Write the listing out again exactly as it stands, with no images.

*** Opening SUPPLIED MATERIAL ***

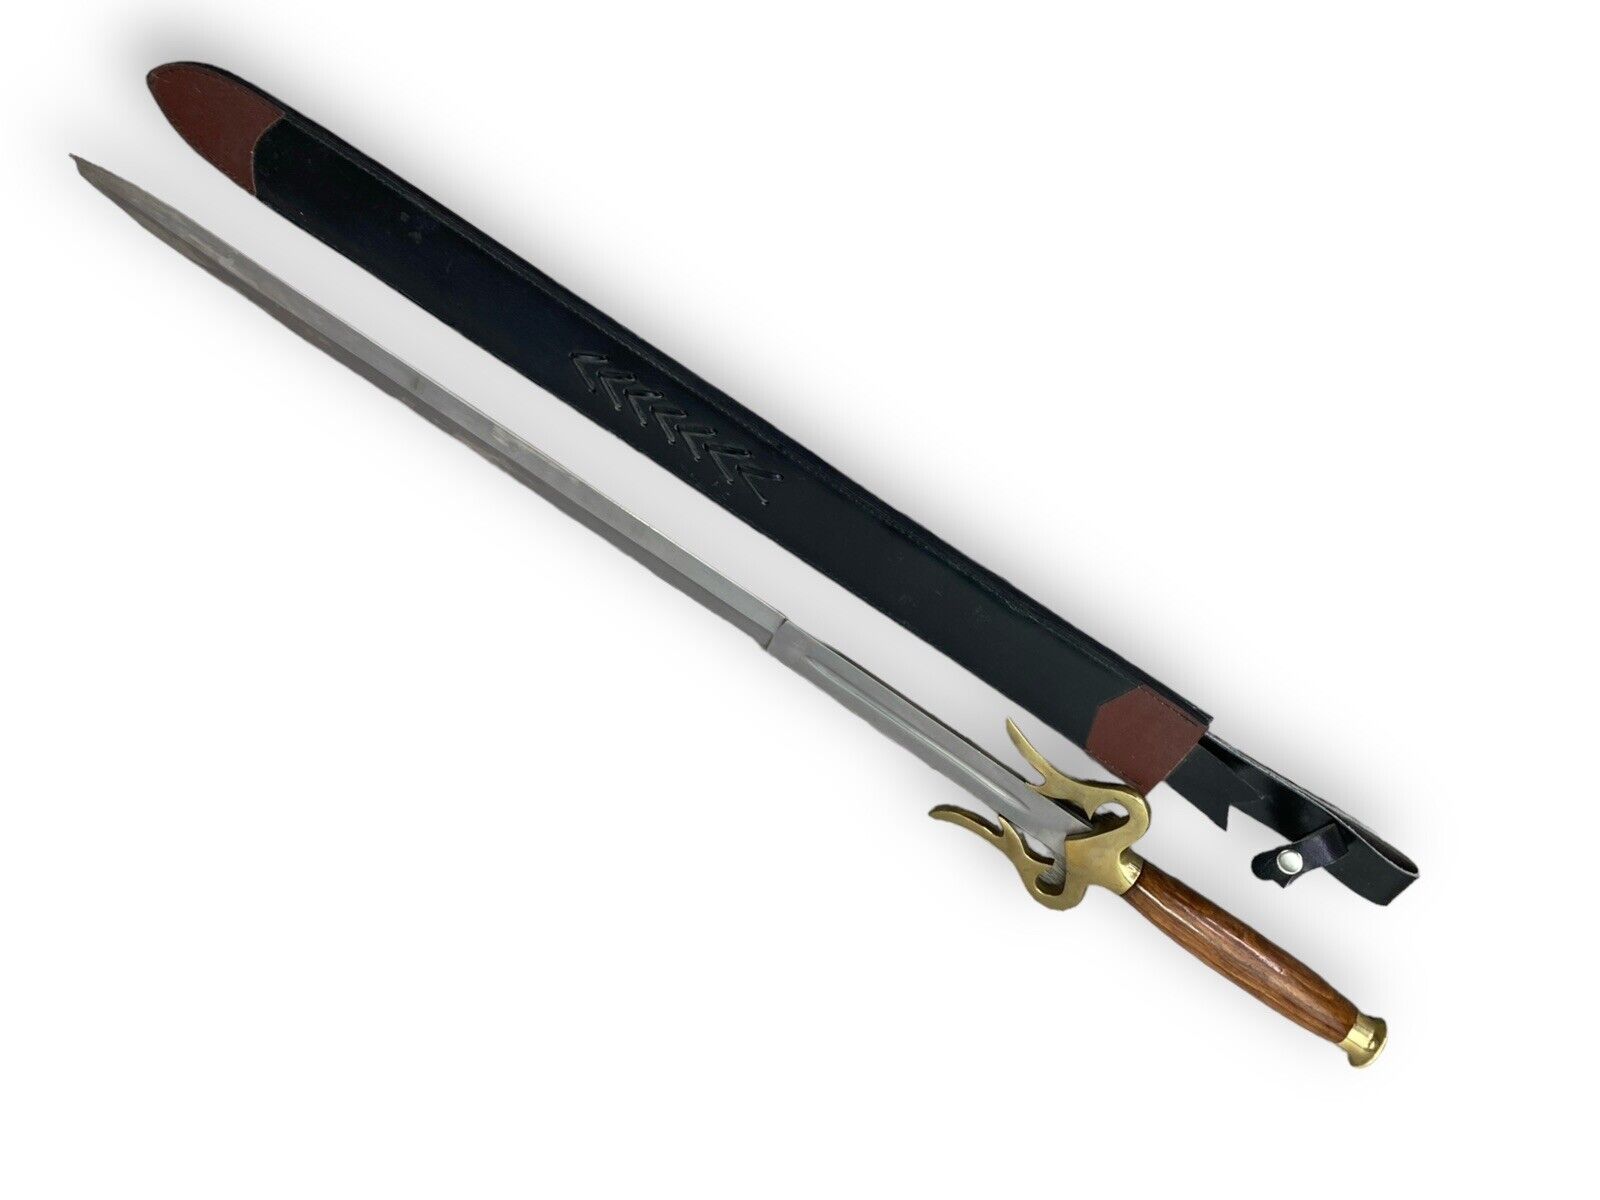 Two Handed Pakistani Made Sword 32’ By 1.5 Inches Wooden Handle And Brass
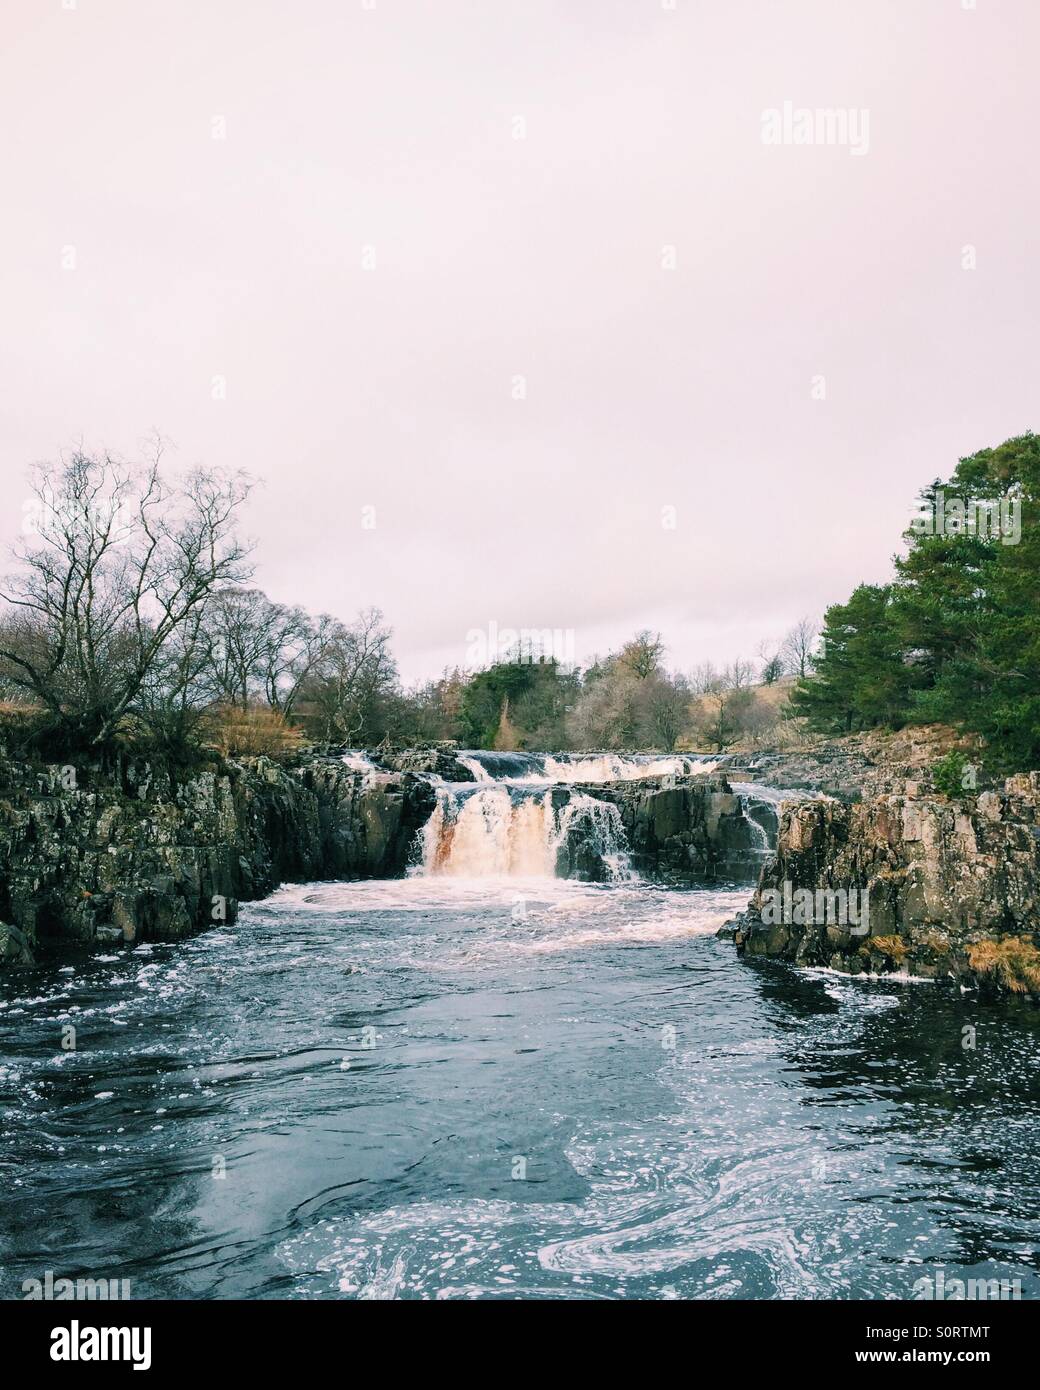 The River Tees at the Low Force waterfall in Teesdale, England, during winter. Stock Photo
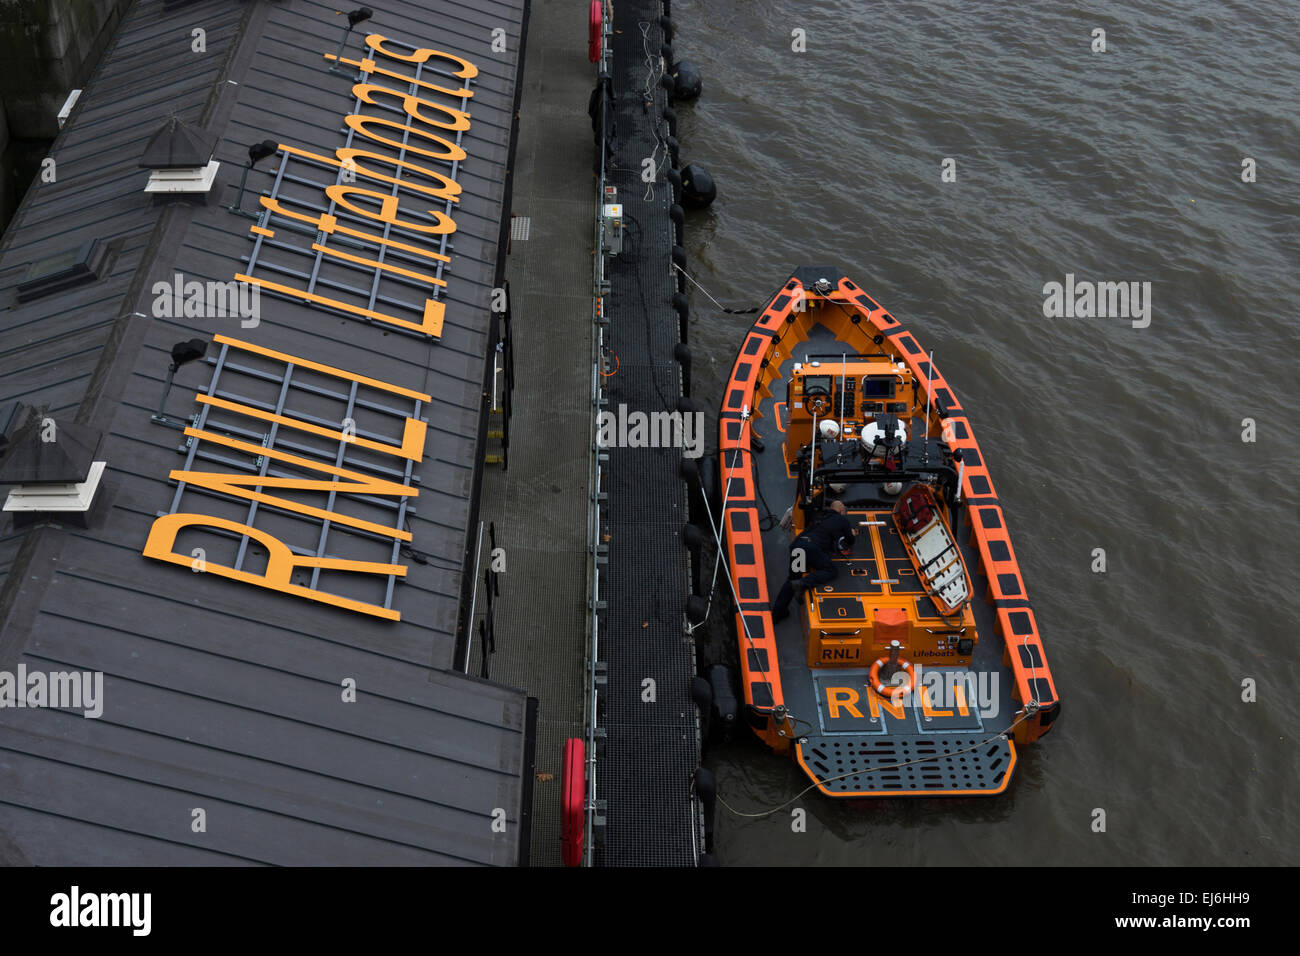 A new RNLI Lifeboat moored up, in the river Thames why a crew member works on getting it ship ready. Stock Photo

*** Closing SUPPLIED MATERIAL ***

→ WRITTEN ANSWER
 Two Handed Pakistani Made Sword 32’ By 1.5 Inches Wooden Handle And Brass
 The River Tees at the Low Force waterfall in Teesdale, England, during winter. Stock Photo
 A new RNLI Lifeboat moored up, in the river Thames why a crew member works on getting it ship ready. Stock Photo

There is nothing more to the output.